O que muda é o trabalho ao redor. Para o pré-check-in funcionar, você precisa saber quem chega amanhã, em qual quarto, com qual contato — e conseguir disparar a mensagem certa na hora certa. Se essa informação está espalhada entre o painel do Airbnb, o extranet do Booking, uma planilha e o WhatsApp, você não vai conseguir manter a rotina por mais de duas semanas.
O HospDay resolve exatamente essa parte. As reservas de Airbnb, Booking, Expedia e VRBO chegam sincronizadas via iCal para um calendário único, então a lista de chegadas dos próximos dias está sempre pronta. As conversas de todos os canais ficam em uma caixa de entrada só, o que torna simples enviar o link de pré-check-in sem caçar o contato do hóspede em três aplicativos. E a gestão de equipe permite convidar recepção, limpeza e financeiro com permissões específicas — cada um vê apenas o que precisa, que é a mesma disciplina que o SNRHos exige de você.
Na planilha, montar a lista de chegadas da semana é um trabalho manual de 20 minutos que você refaz toda segunda. Com o calendário sincronizado, é uma tela que já está aberta.
O HospDay tem teste grátis de 14 dias, sem cartão de crédito. Se você está estruturando a rotina de pré-check-in agora, é um bom momento para colocar as reservas em ordem primeiro: conheça o HospDay.
Perguntas frequentes
Ainda posso usar ficha de papel como alternativa?
O modelo oficial passou a ser digital. O papel deixou de ser a forma prevista de registro. Você pode manter um formulário interno próprio para uso operacional, mas ele não substitui o registro na plataforma oficial.
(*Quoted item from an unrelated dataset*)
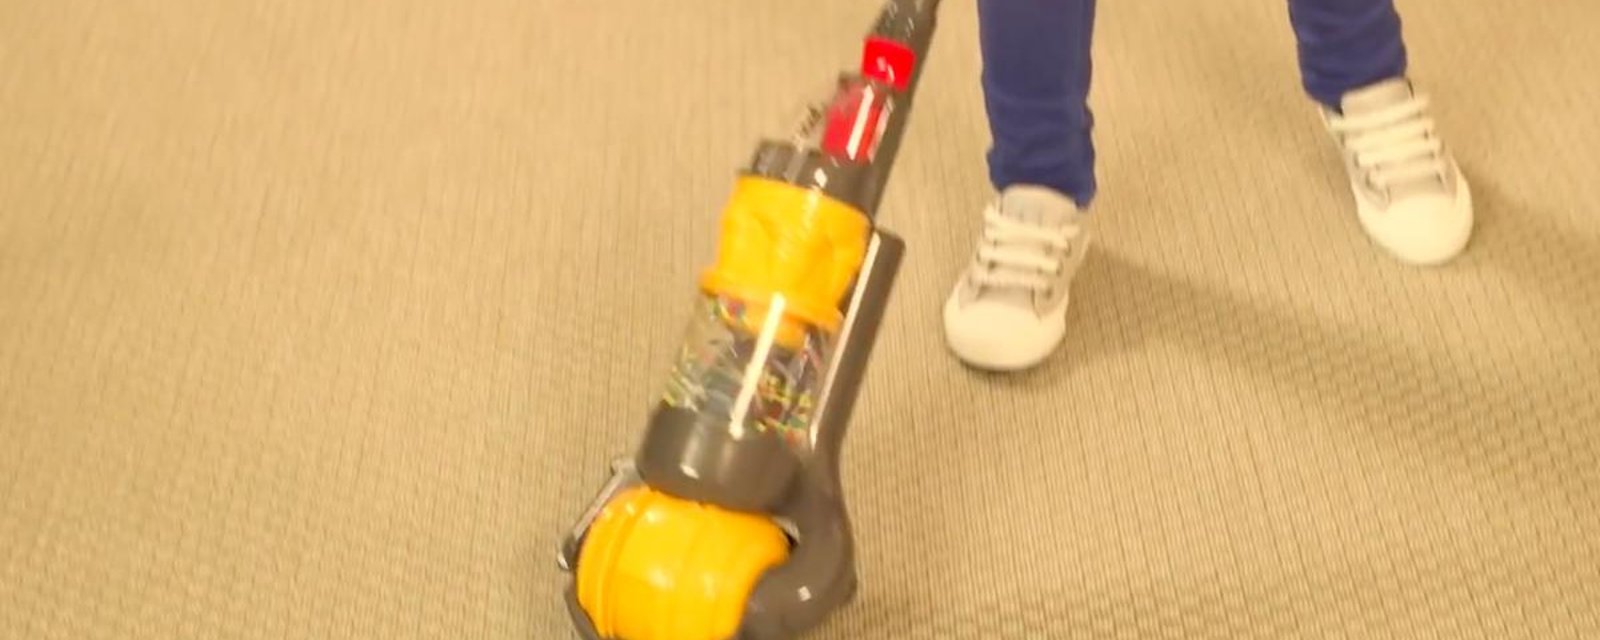 Une idée cadeau pour enfants qui vient en aide aux parents: un aspirateur-jouet Dyson qui aspire vraiment!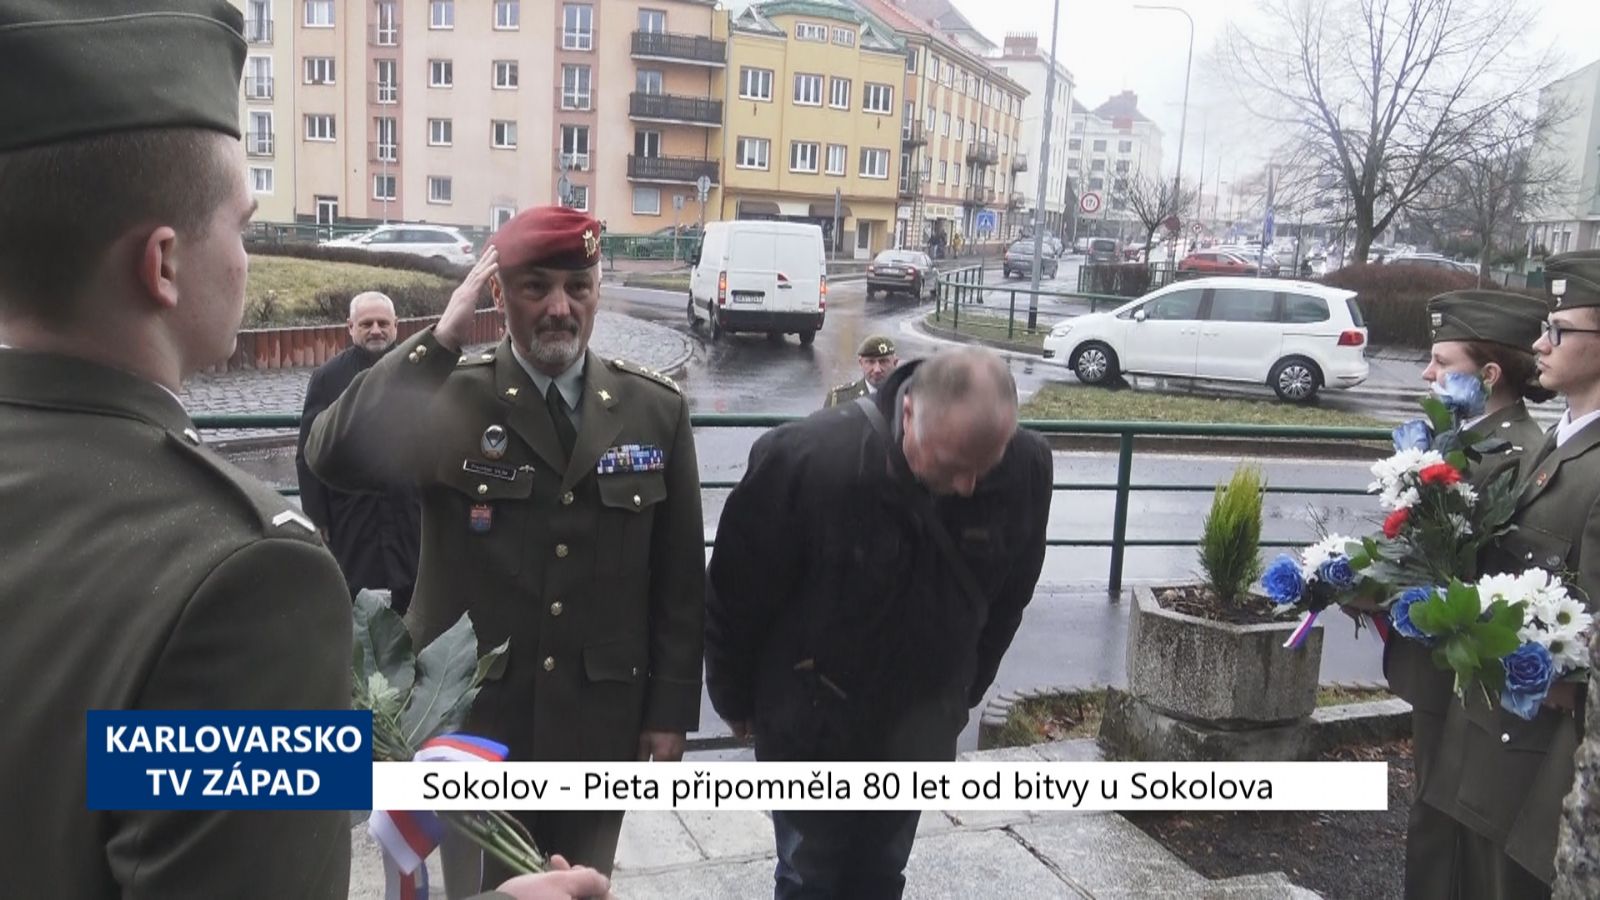 Sokolov: Pieta připomněla 80 let od bitvy u Sokolova (TV Západ)

O hóspede precisa ter conta gov.br para preencher?
O acesso do estabelecimento ao sistema é feito por conta gov.br. Para o hóspede, o preenchimento pode ser feito por QR Code ou link, e hóspedes estrangeiros não precisam criar conta gov.br para completar o registro.
Meu hotel usa um PMS. Preciso preencher tudo duas vezes?
O sistema prevê integração com PMS. Vale confirmar com o seu fornecedor qual é o status dessa integração antes de assumir que ela já está disponível. Enquanto não estiver, a rotina prática é a mesma: coletar os dados no pré-check-in e registrá-los na plataforma oficial.
O próximo passo
Faça uma coisa só hoje: entre no Cadastur e confirme se a inscrição da sua propriedade está válida. É o pré-requisito de tudo, é rápido de verificar e é onde a maioria descobre um problema.
Com o cadastro em ordem, monte a rotina de pré-check-in: defina em que momento o link vai ser enviado (48h antes é um bom padrão), quem da equipe é responsável e o que acontece quando o hóspede não preenche. Uma rotina escrita de cinco linhas vale mais do que qualquer ferramenta.
E se a sua lista de chegadas ainda mora em três lugares diferentes, comece por aí — porque não existe pré-check-in consistente sem saber, todo dia, exatamente quem chega amanhã.